**PROVIDED DATA**.
※

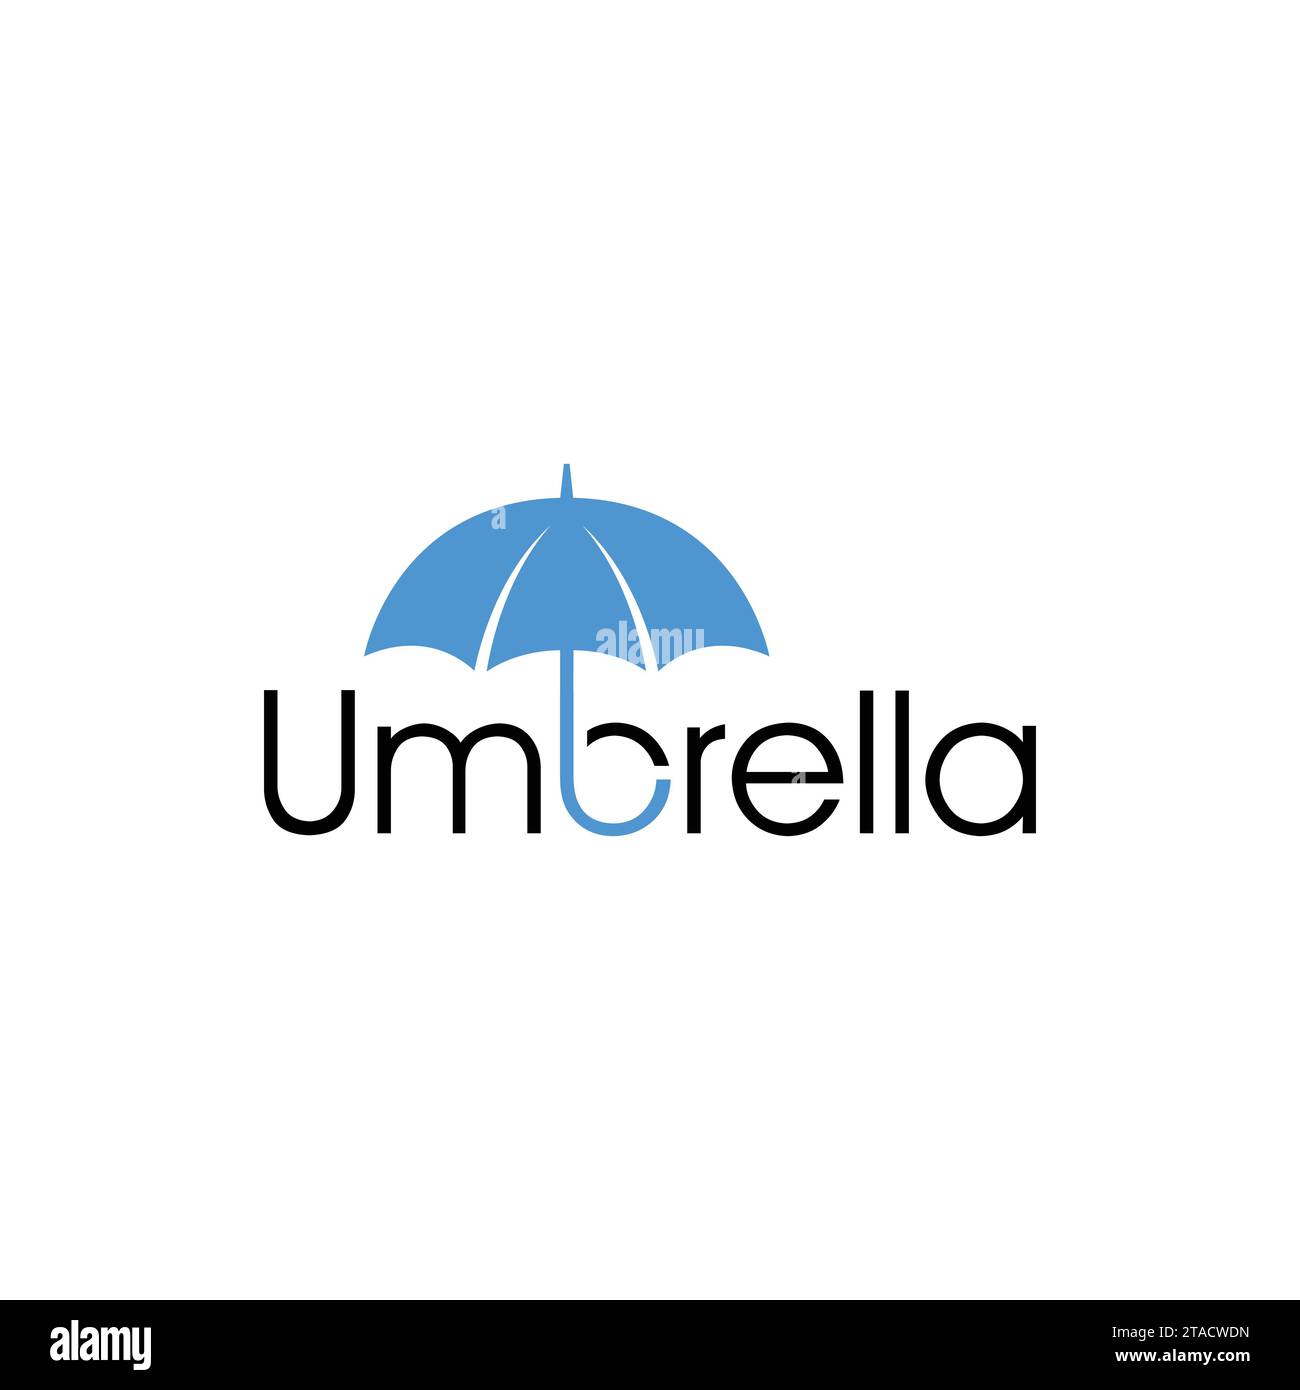 Vektor minimalistische Regenschirm Typografie Logo Design Vorlage isoliert auf weißem Hintergrund. Design-Vorlage für kreative Vektorschirmtexte. Stock Vektor
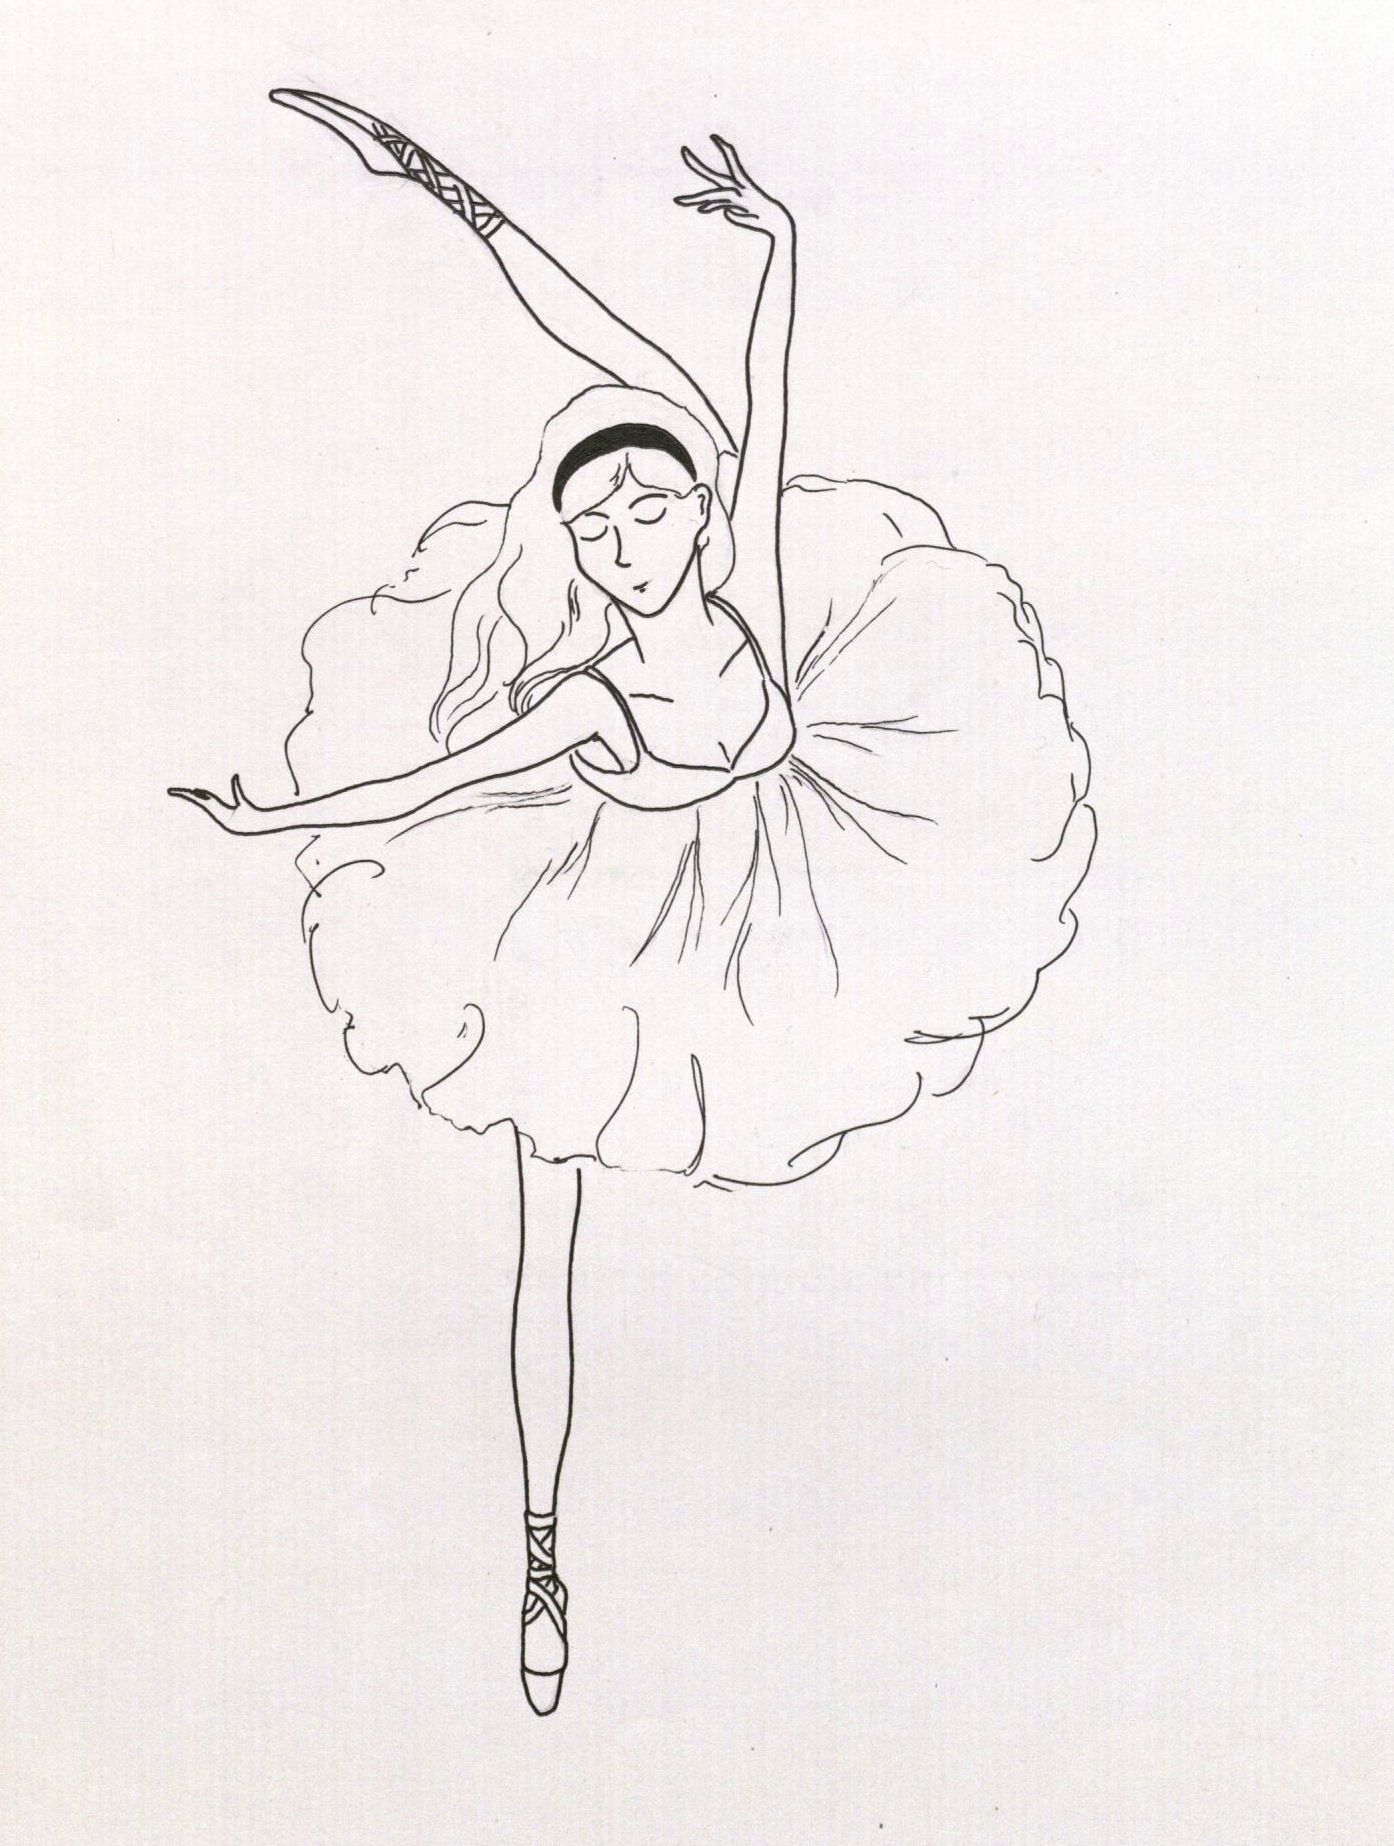 Балерина для срисовки
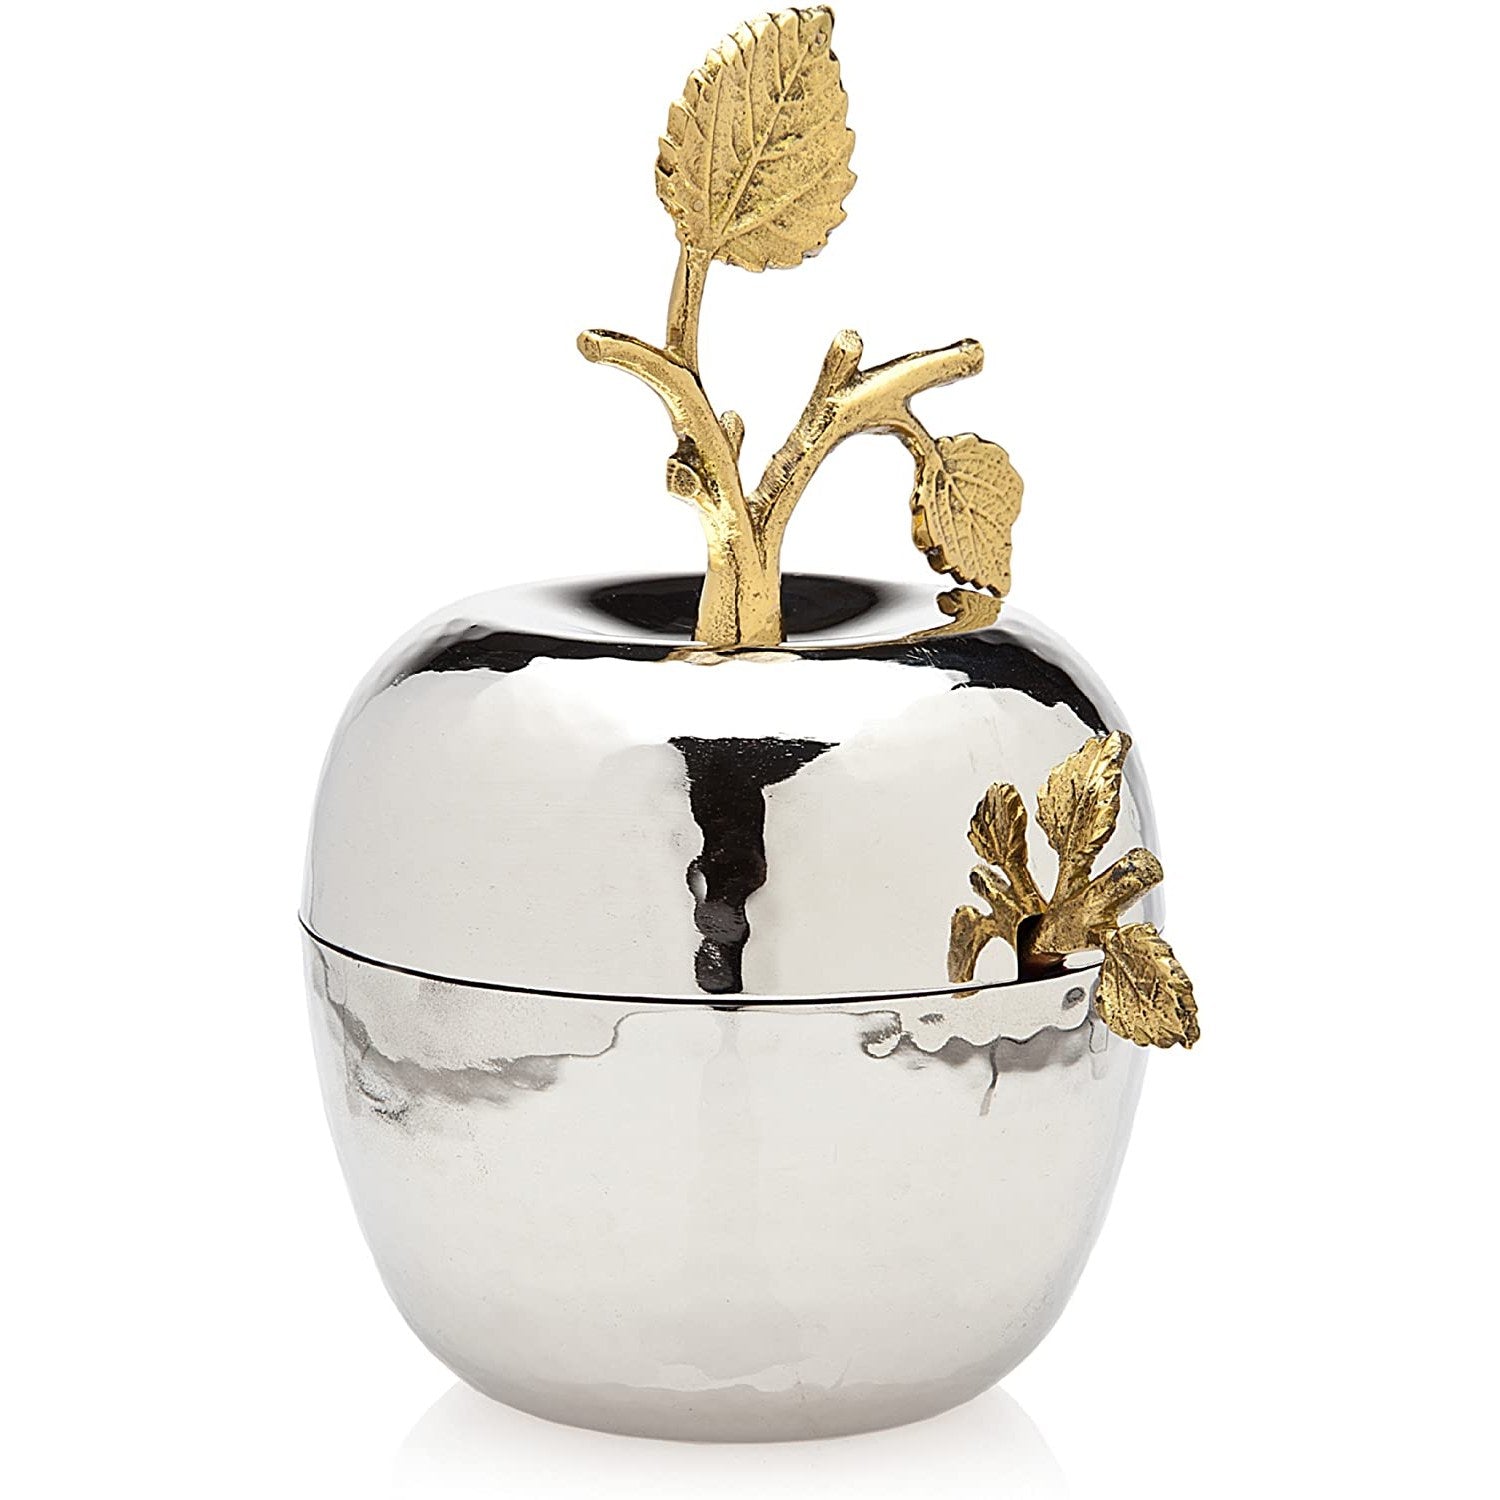 Godinger Leaf Design Apple Jam Jar Spoon by Godinger

※

**THE PROBLEM**. Your copy should run from the line that has "Балерина для срисовки" through the last line above, exactly, with both ends in and pictures out.

**SOLUTION BELOW**.
 Балерина для срисовки
 Godinger Leaf Design Apple Jam Jar Spoon by Godinger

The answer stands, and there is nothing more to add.